Execution Architecture¶
1. Simulation Loop¶
The simulation loop is fully parallelized via the PettingZoo API (parallel_env.step()) and JAX vectorization (jax.vmap).
sequenceDiagram
participant Agents
participant Environment
participant ActionRegistry
participant ConflictResolutionEngine
participant GlobalNetworkState
Agents->>Environment: step({agent_id: action_str})
Environment->>ActionRegistry: Parse actions
Environment->>Environment: action.execute(GlobalNetworkState)
Environment->>ConflictResolutionEngine: resolve(effects_dict)
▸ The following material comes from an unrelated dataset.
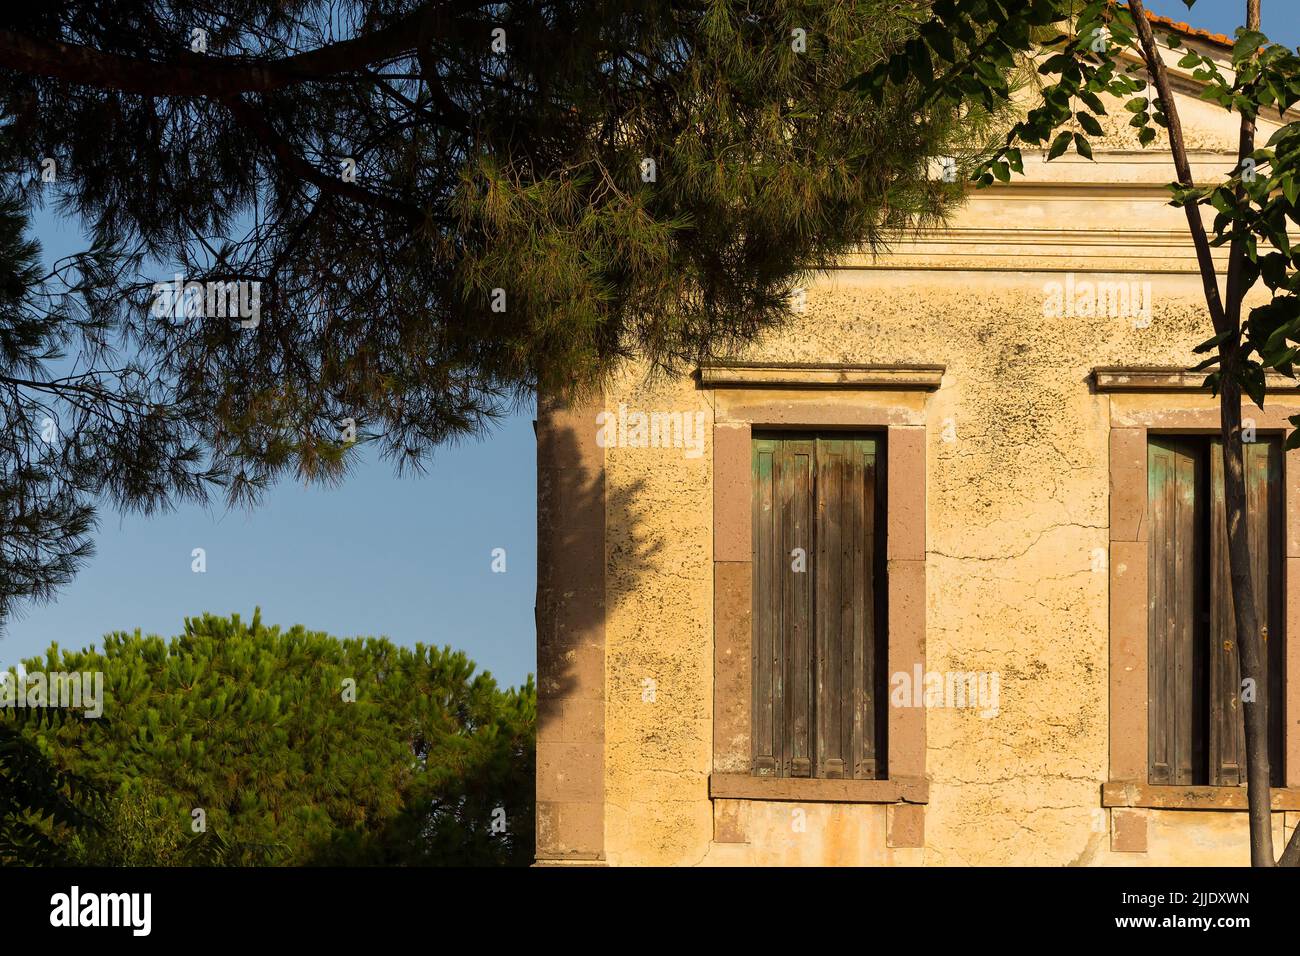 Vista di vecchia, storica, tradizionale casa in pietra che riflette il mar Egeo, stile architettonico mediterraneo catturato a Ayvalik, Turchia. È un'estate soleggiata Foto Stock

ConflictResolutionEngine->>GlobalNetworkState: Apply ActionEffect.state_deltas
Environment-->>Agents: Return new observations, rewards, terminations
2. Telemetry Pipeline¶
Blue agent observations are generated exclusively through the simulated Security Information and Event Management (SIEM) pipeline.
flowchart TD
subgraph Action Execution
R1[Red Actions]
end
subgraph Simulation Core
GNS[(GlobalNetworkState)]
CRE{Conflict Resolution Engine}
SL[SIEMLogger]
end
subgraph Blue Observability
LB[(siem_log_buffer)]
NLP[NLP Log Encoder]
BO[Blue Agent Observation Vector]
end
R1 -->|ActionEffect| CRE
CRE -->|Valid Effects| GNS
CRE -->|Action Metrics| SL
SL -.->|Stochastic Noise Injection| SL
SL -->|Generates Sysmon/Windows Logs| LB
LB -->|N Most Recent Logs| NLP
NLP -->|TF-IDF / Dense Embeddings| BO
3. Component Details¶
BaseAction and ActionEffect¶
All agent capabilities inherit from BaseAction. execute() returns an ActionEffect containing state_deltas determining specific state tensor modifications.
ConflictResolutionEngine¶
Resolves temporal collisions occurring in the same parallel tick. If a Blue action targets the same IP as a Red action simultaneously, the Red action is neutralized to enforce defense precedence.
SIEMLogger and LogEncoder¶
SIEMLogger translates state deltas into standardized string logs matching Windows/Sysmon syntax, injecting stochastic benign noise. LogEncoder vectorizes the buffer into dense observations.